Patrick Davitt: Hi, good morning everyone. So, my first question is on the Hermes impairment, could you give a little bit more detail on the changes that went into the cash flow downgrades? Are there some products that are not working out as planned? And I guess more broadly on that point, has your view on the opportunity for growth there changed in some way?
Chris Donahue: Yes, Patrick from Autonomous. The cash flows, we have to go through, I think there’s six different categories when we did the deal, and this is one category, the public markets. And since the deal, if you look at it from a since 2018, the assets and particularly more recently, the asset declines, and then we have to go through and look at forecasts and predicting the future. We just had to scale those back and then the discount rates of course rates have gone up since we did the deal. And so, when you, kind of take the whole picture on a long-term basis, we had to have an impairment just on an accounting basis, pretty simple.
Tom Donahue: In terms of excitement with what’s going on, with Hermes, I think number of things that Chris mentioned in our pipeline are pretty exciting.

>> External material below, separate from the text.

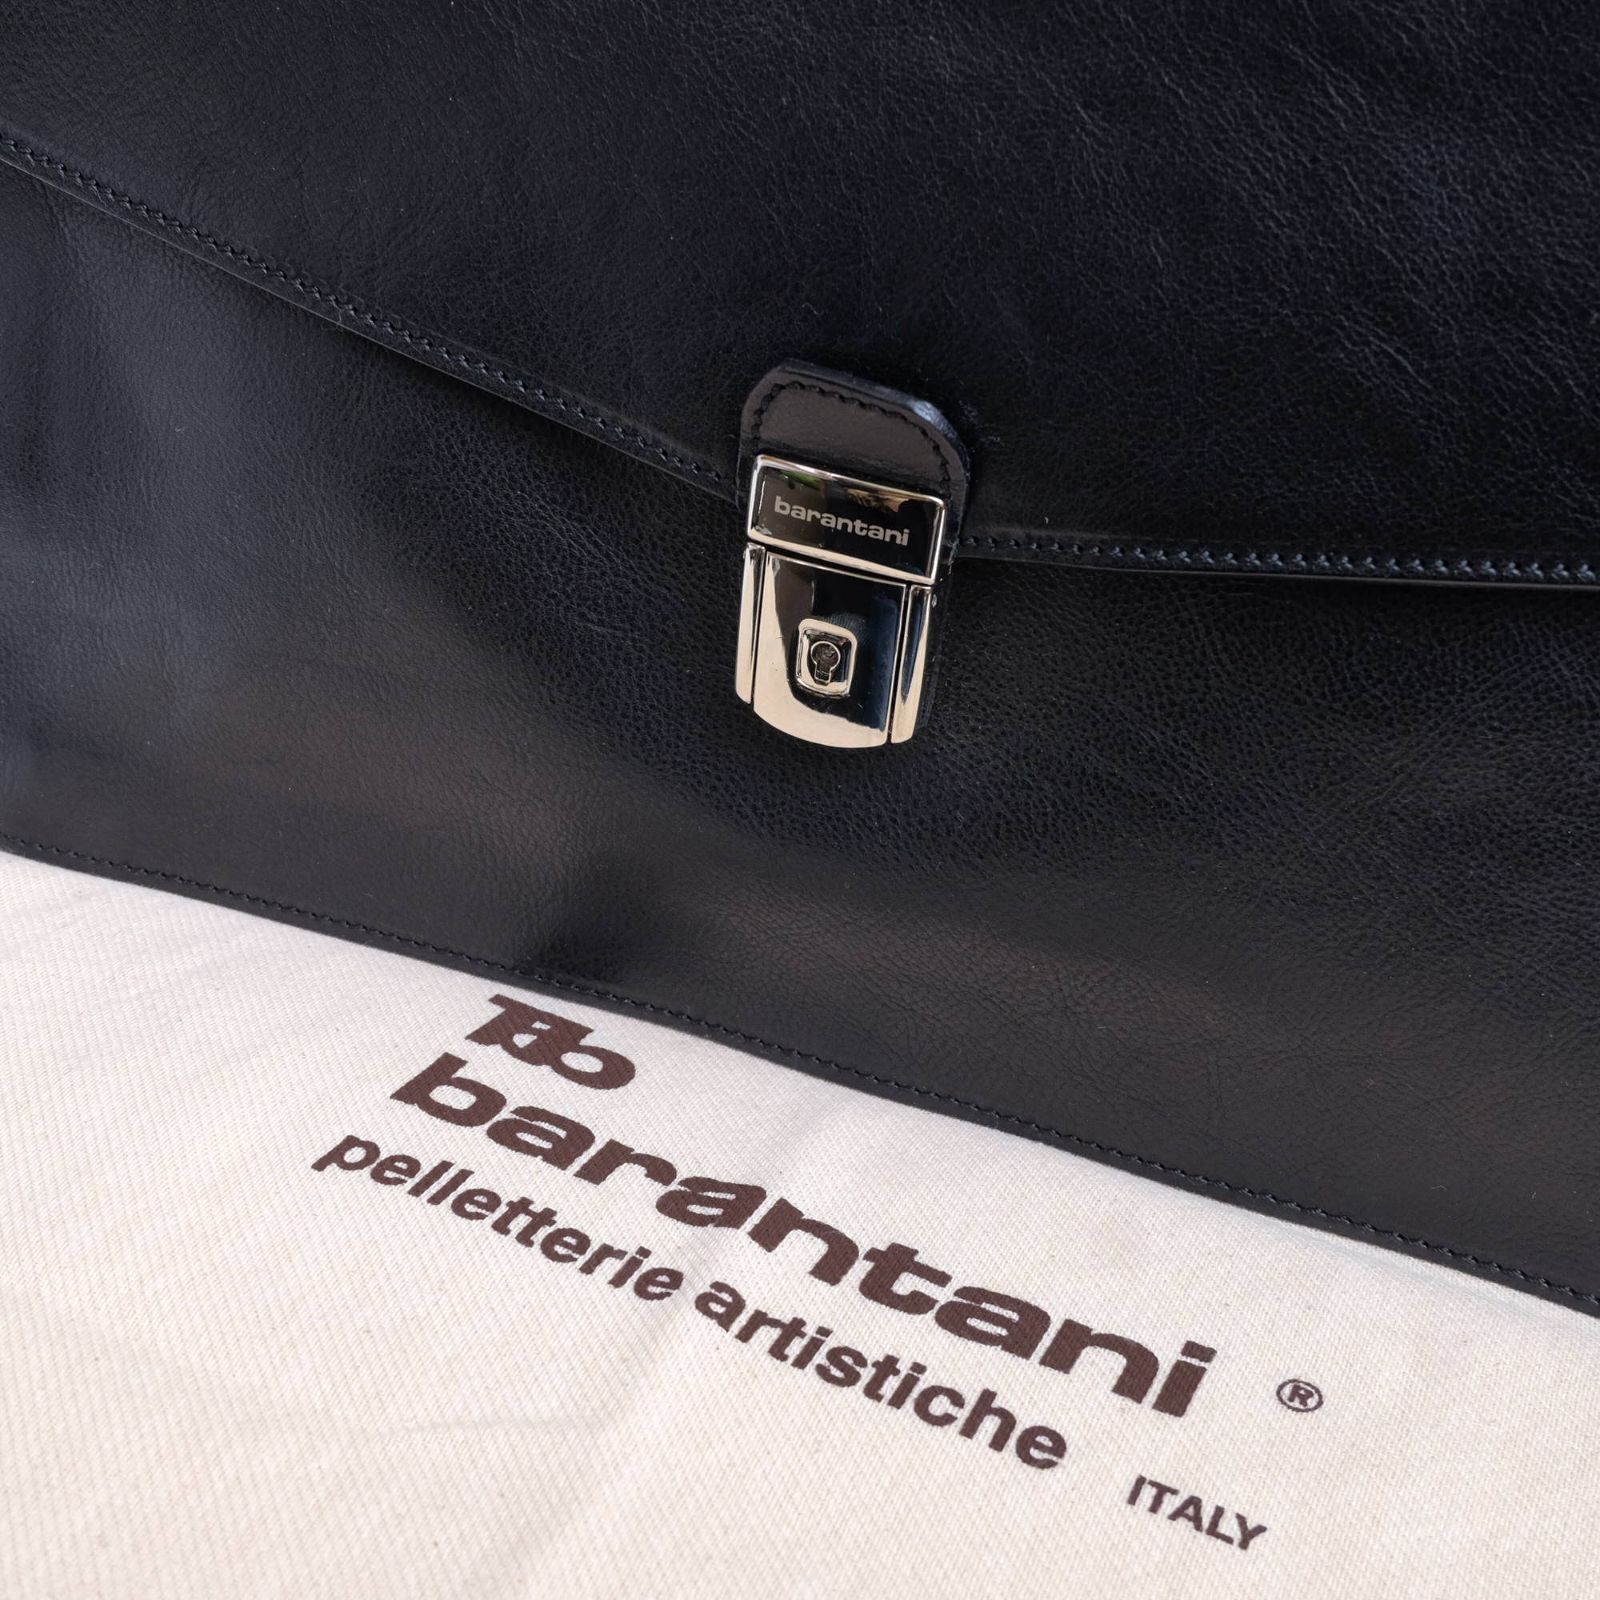 バランターニ／barantani バッグ ブリーフケース ビジネスバッグ 鞄

And I think Saker out to give a comment on exciting things that we still see happening there.
Saker Nusseibeh: Thank you very much, Tom. So, I mean, let’s start just with some of the stuff that you heard from Chris. If you remember, he said that $4.8 billion of net are yet to fund, but these are signed and yet to fund. And the majority of these actually are coming into Federal Reserve and is limited, which is in London. With old Hermes business. And that gives you an idea of the strength of growth. And of that, for example, if you talk about the equity strategies well over a billion, 1.3 billion is in Asia ex-Japan. Then you’ve got further going into global emerging markets, another going into global equities and then some more into fixed income and you look around 290 million, add to which you can add private equity, which is over 1.3 billion and you have a very exciting picture based on the future positivity that we see.
I mean, yes, one , but it tells you the strength that’s here we’re looking forward. Now why is that? Two reasons. One is, yes, of course, since 2018, from an accounting perspective, we’ve got to look at the fact that markets went down, there was COVID and there was the Ukraine war and we have a lot of growth assets or growth equities in our public markets, but actually, they are much in demand. We’ve seen that even through the last years, and it looks as if this is going to continue to grow for us. The proof of the is within public markets is, we’re continuing to invest particularly in sales. We’re looking at offices in other parts of Continental Europe than the ones we’ve got. We’ve talked about offices there, at least one that’s going to be established to see that possibly too.
And that means that we increase our capability to distribute within the mentioned European markets. And then if you go to private equities, which is where we sorry, I beg your pardon, with private markets, there’s private equity, which includes private debt. That has been very exciting with lots of flows through over the last year. Strength seeing this year with a lot of interest from our clients, an excellent environment for our, kind of strategy. To get our private equity again, we’re seeing lots of excitement from our clients. So, that’s good and of course, our property is a long-term play, which continues to travel on. And for that, we’re investing in I mean for private markets as a whole, we’re investing into a dedicated sales force work alongside our to help increase that.